Developing high-performance, real-time architectures for LiDAR-based 3D object detectors is essential for the successful commercialization of autonomous vehicles. Pillar-based methods stand out as a practical choice for onboard deployment due to their computational efficiency. However, despite their efficiency, these methods can sometimes underperform compared to alternative point encoding techniques such as Voxel-encoding or PointNet++. We argue that current pillar-based methods have not sufficiently captured the fine-grained distributions of LiDAR points within each pillar structure. Consequently, there exists considerable room for improvement in pillar feature encoding. In this paper, we introduce a novel pillar encoding architecture referred to as Fine-Grained Pillar Feature Encoding (FG-PFE). FG-PFE utilizes Spatio-Temporal Virtual (STV) grids to capture the distribution of point clouds within each pillar across vertical, temporal, and horizontal dimensions.

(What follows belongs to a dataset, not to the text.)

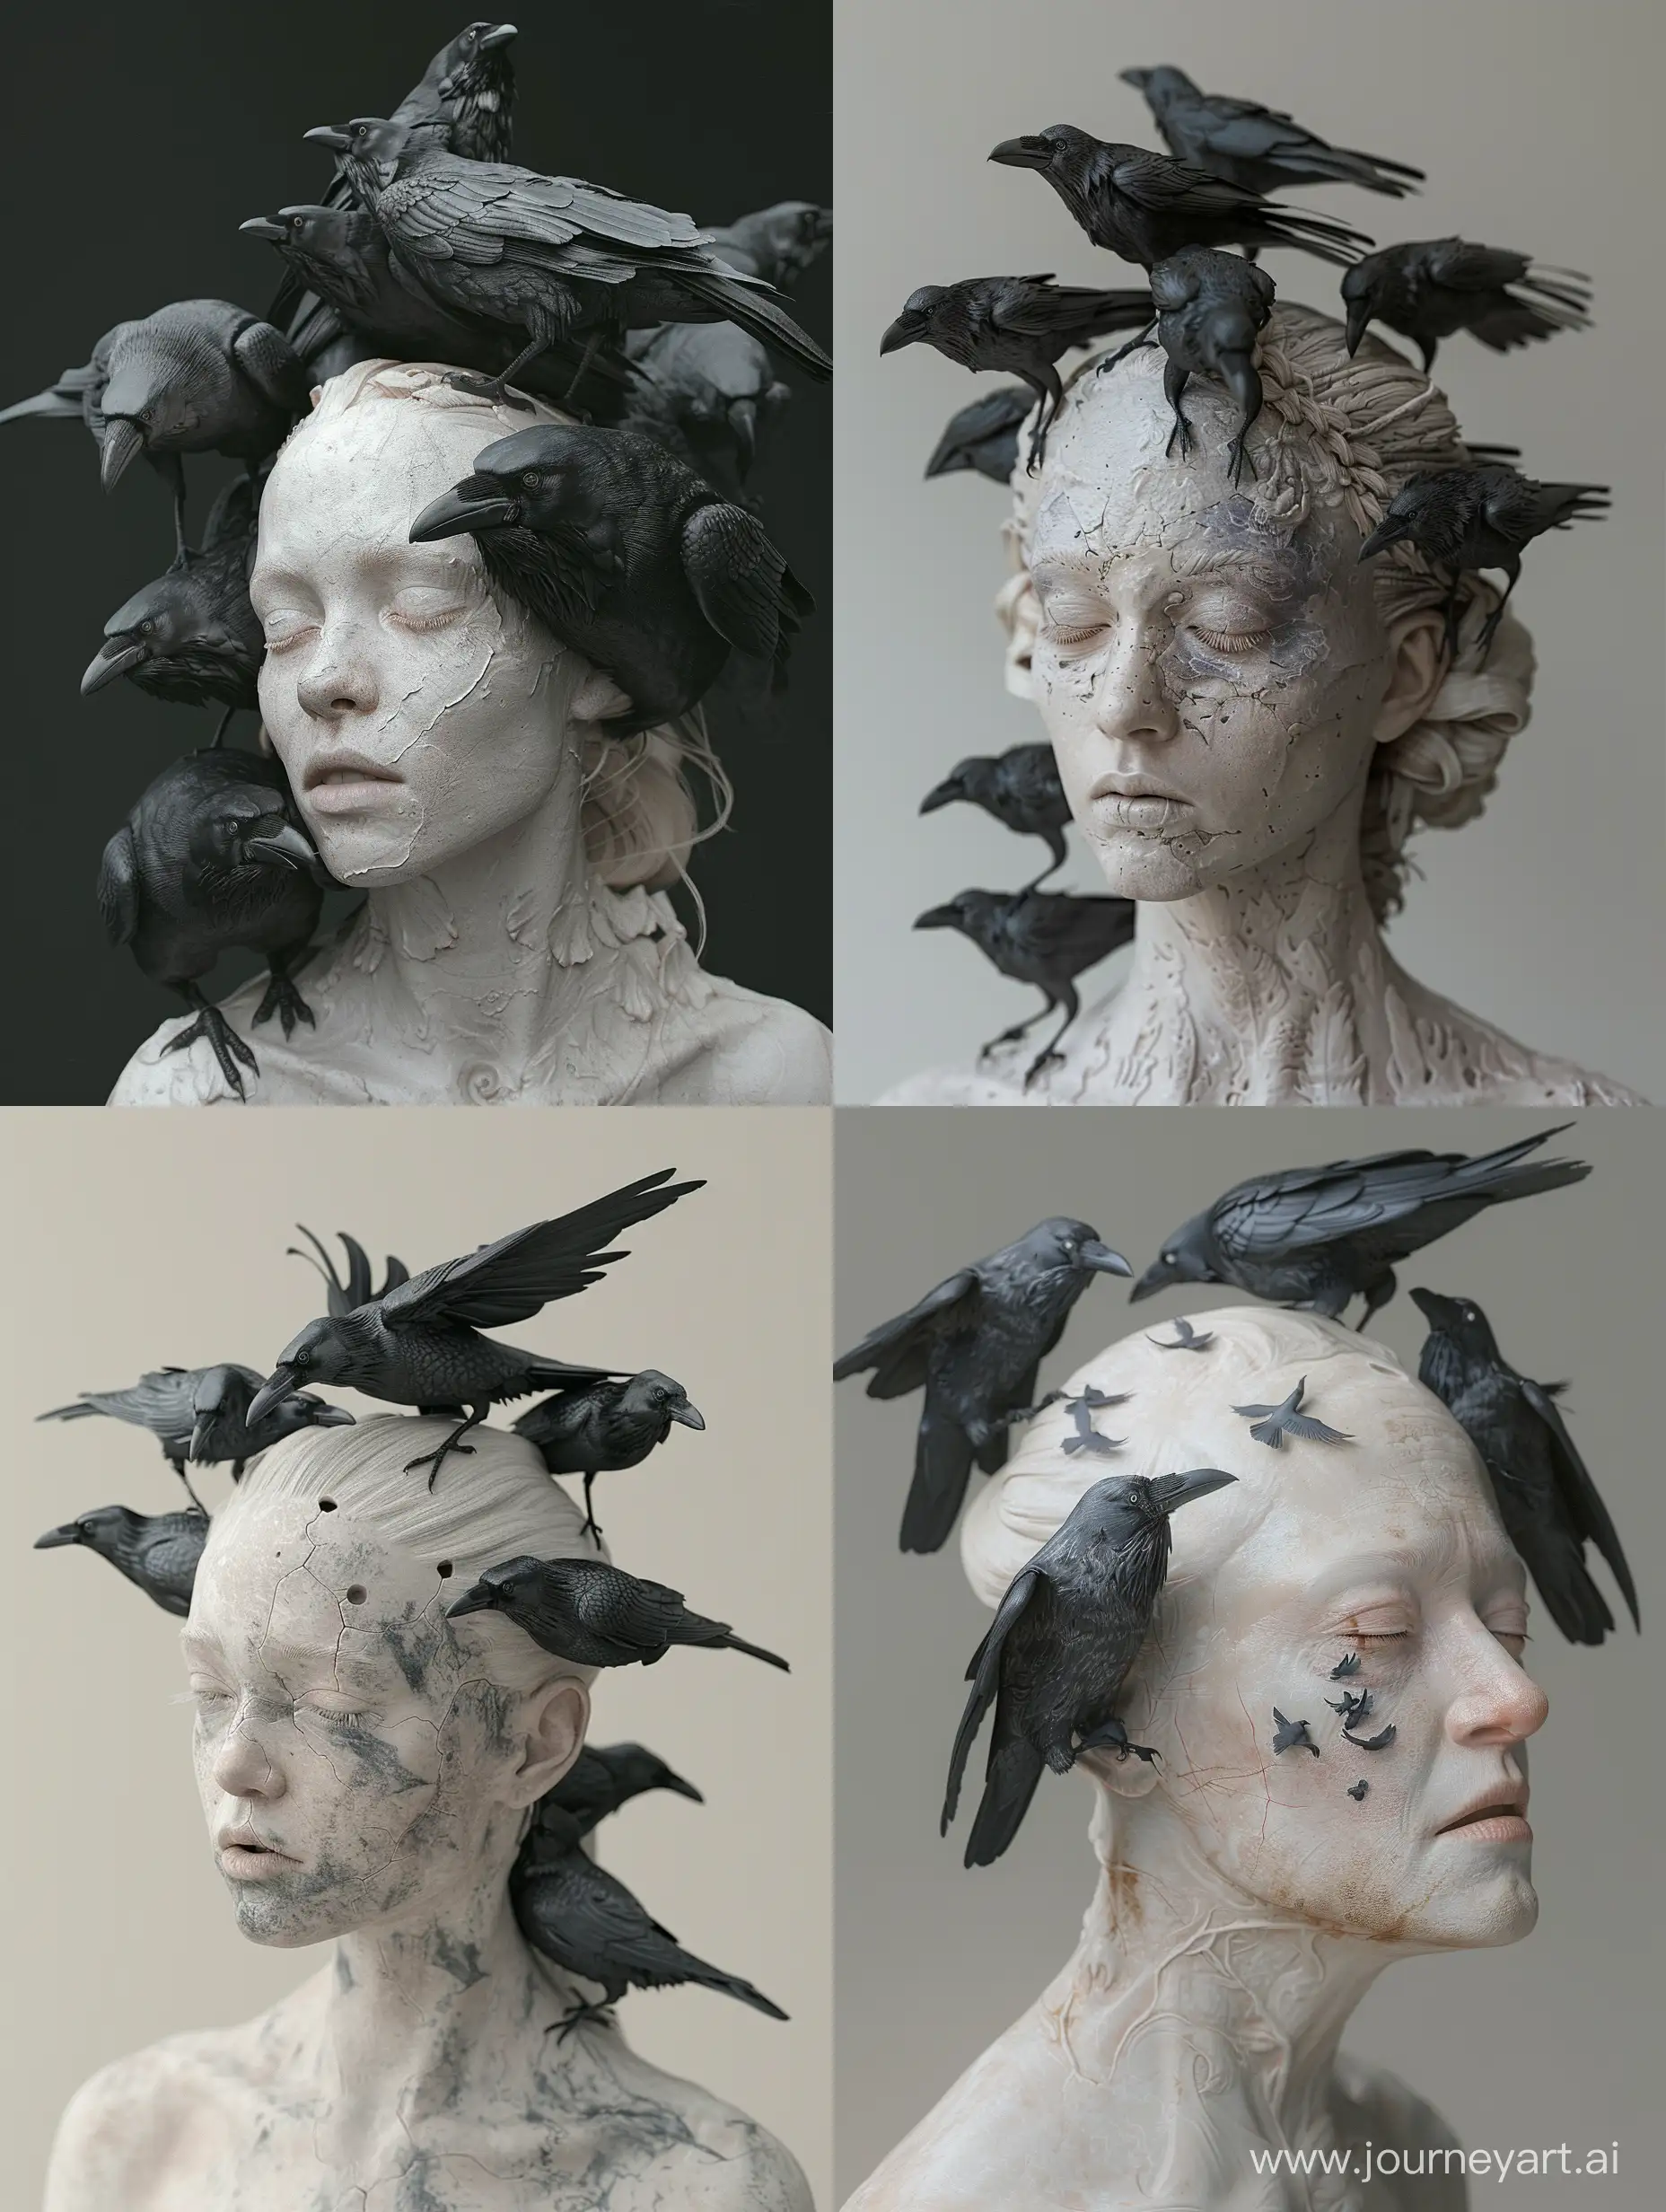 a statue of a woman with ravens on her head, a surrealist sculpture, inspired by Yanjun Cheng, tumblr, with pale skin, all face covered with ravens, angelina stroganova, daily render

Through STV grids, points within each pillar are individually encoded using Vertical PFE (V-PFE), Temporal PFE (T-PFE), and Horizontal PFE (H-PFE). These encoded features are then aggregated through an Attentive Pillar Aggregation method. Our experiments conducted on the nuScenes dataset demonstrate that FG-PFE achieves significant performance improvements over baseline models such as PointPillar, CenterPoint-Pillar, and PillarNet, with only a minor increase in computational overhead.

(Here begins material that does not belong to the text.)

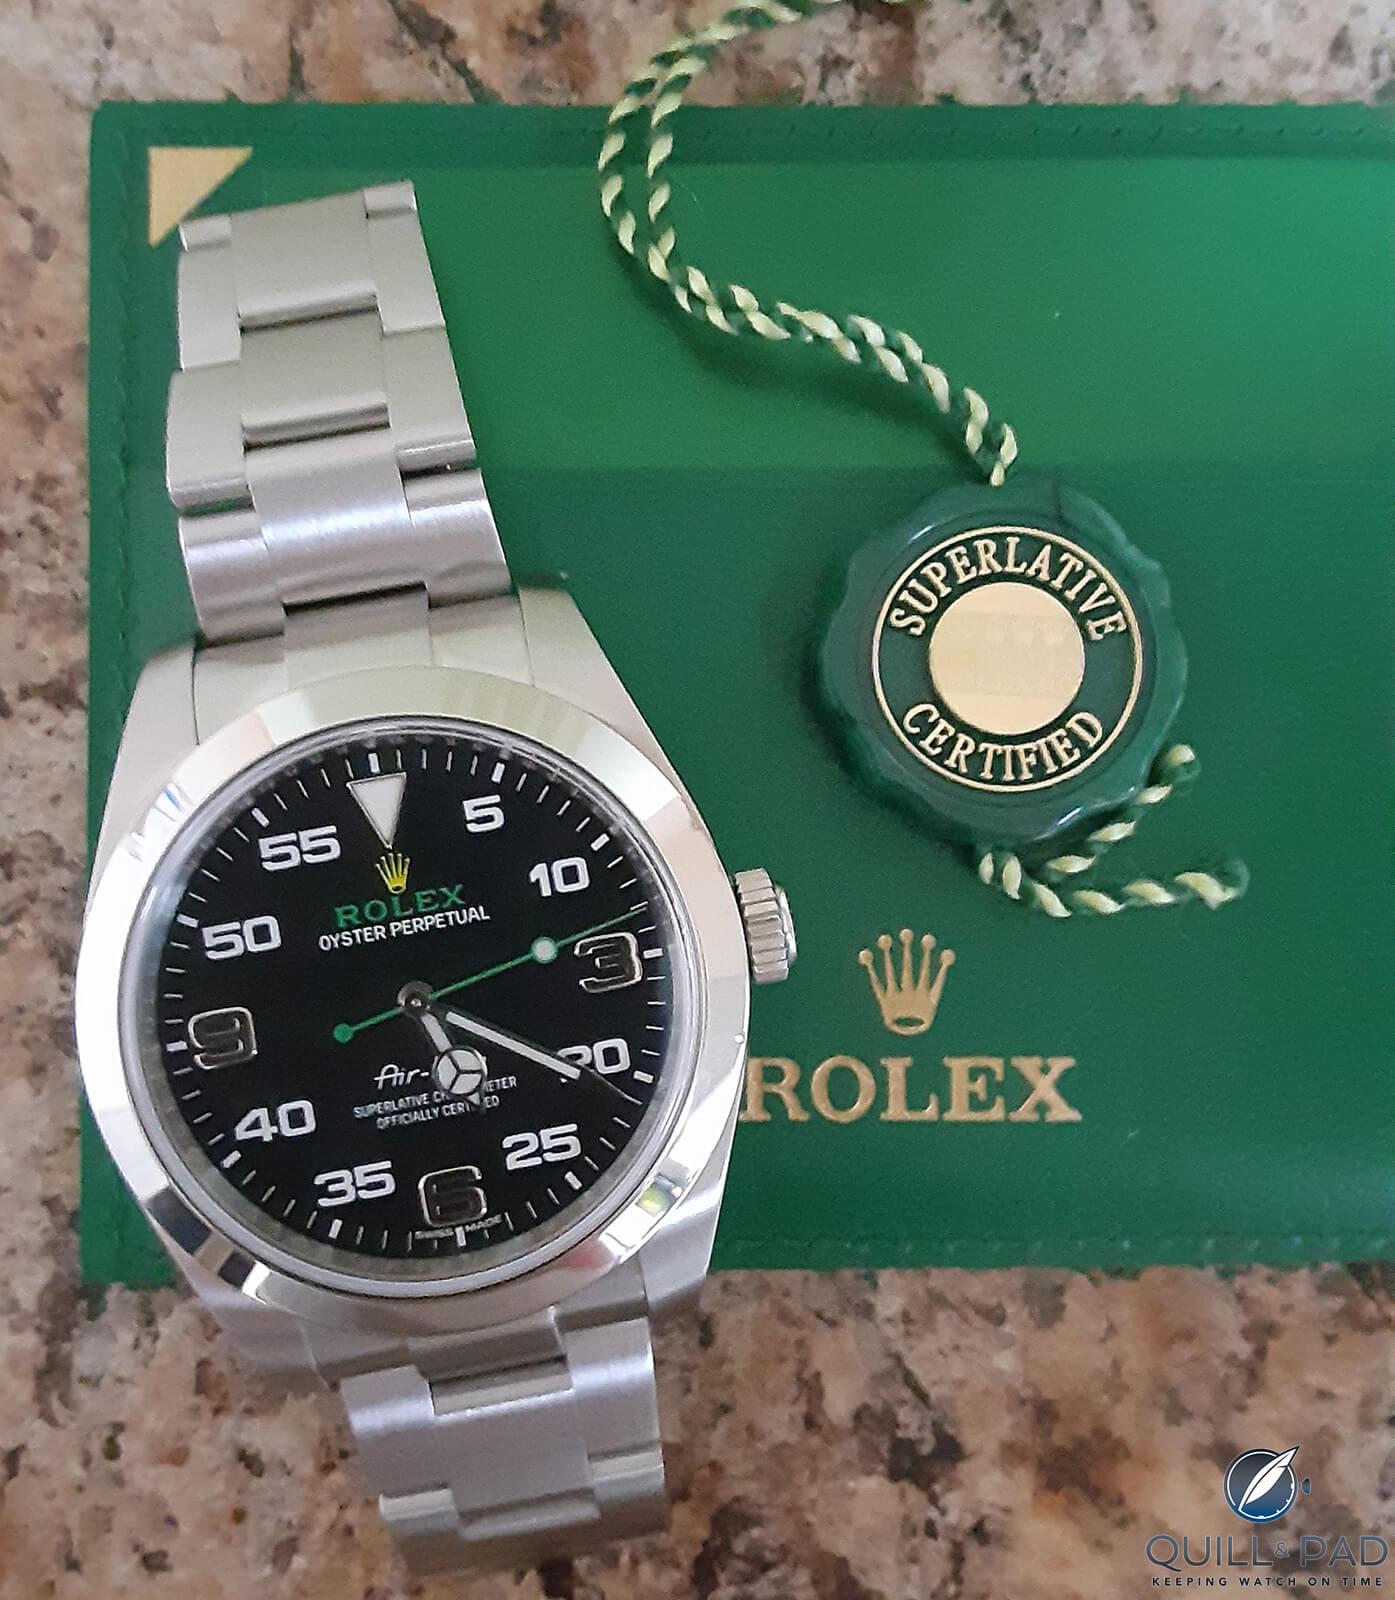 Why I Bought It: Rolex Air-King “Bloodhound” Ref. 116900

Paper Structure (20 sections, 6 equations, 2 figures, 4 tables)

This paper contains 20 sections, 6 equations, 2 figures, 4 tables.

Figures (2)

  • Figure 1: Performance versus latency of several 3D object detectors evaluated on nuScenes val split: CP-Pillars denotes CenterPoint centerpoint with PointPillars backbone. Latency is measured with a single NVIDIA TITAN RTX GPU. When incorporated into various baselines such as PointPillars pointpillars, CenterPoint centerpoint, and PillarNet pillarnet, FG-PFE delivers substantial performance gains with small computational overhead.

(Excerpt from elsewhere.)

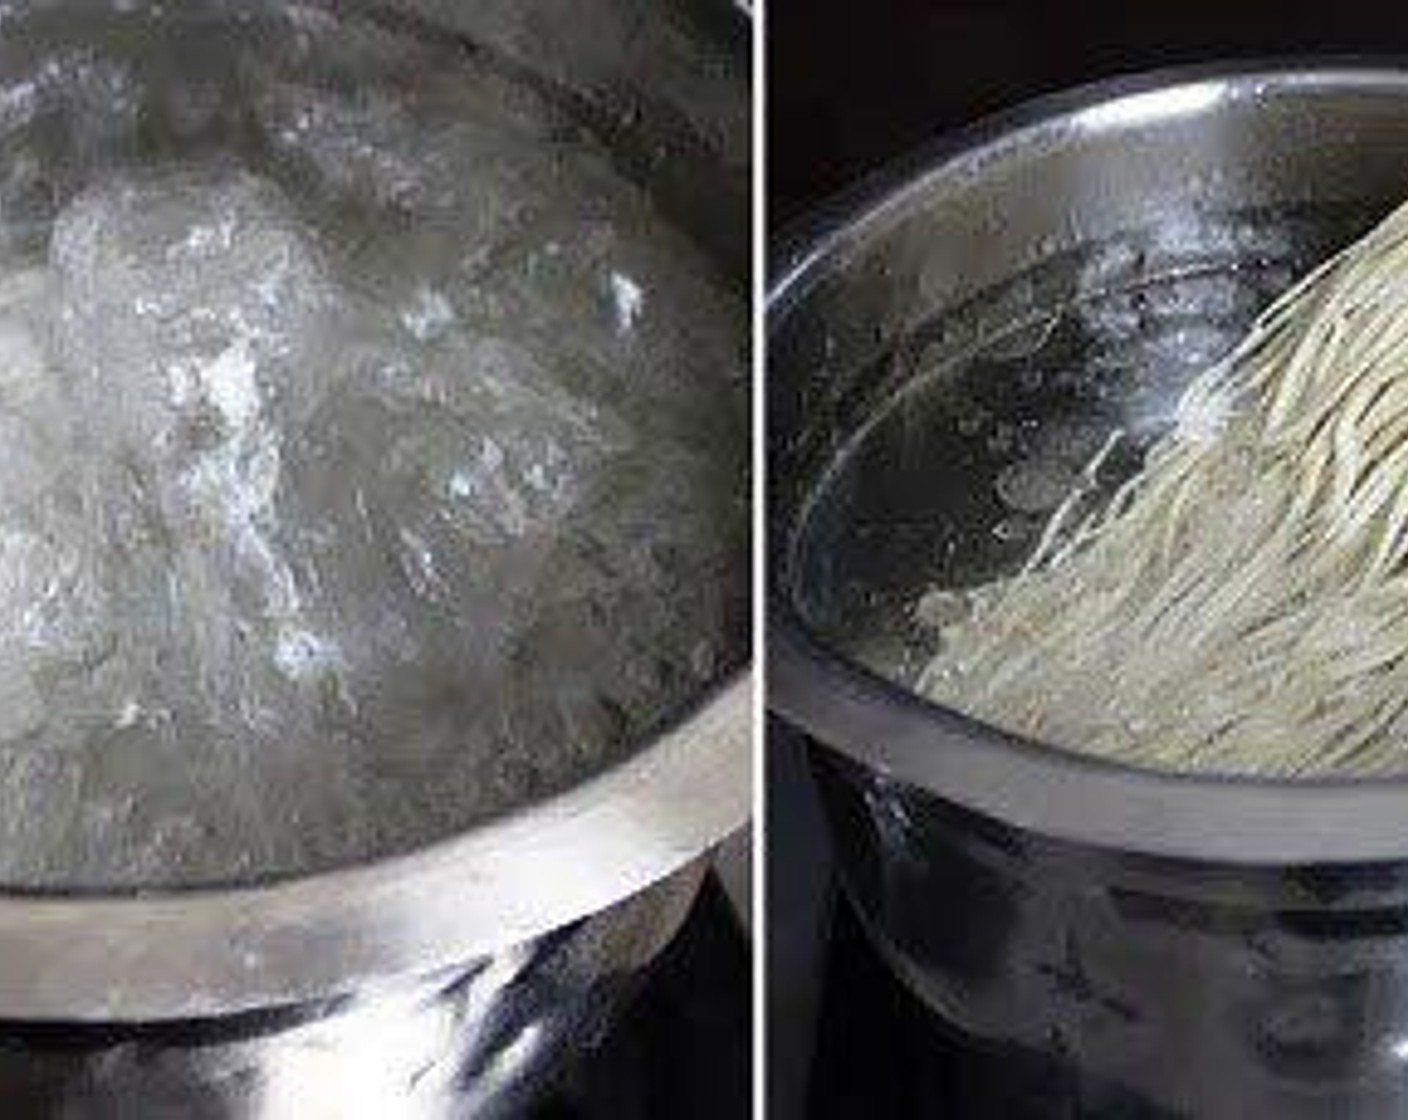 step 2 Bring a large pot of water to a boil. Add Salt (1 Tbsp), Vegetable Oil (1 Tbsp) and mix. Add the Vermicelli Noodles (1 packet) into the water.

  • Figure 2: Overall architecture of the proposed FG-PFE. LiDAR points are quantized along the vertical, temporal, and horizontal axes. In V-PFE, voxels from vertical axis are aggregated by the vertical grid attention module. In T-PFE, voxels from temporal axis are processed using a set of MLPs. In H-PFE, voxels from two different horizontal grid are transformed back into LiDAR points and then combined using concatenation. LiDAR points are then converted into pillar features with original pillar feature encoding. Pillar features originating from the three axes are combined using the Attentive Pillar Aggregation module.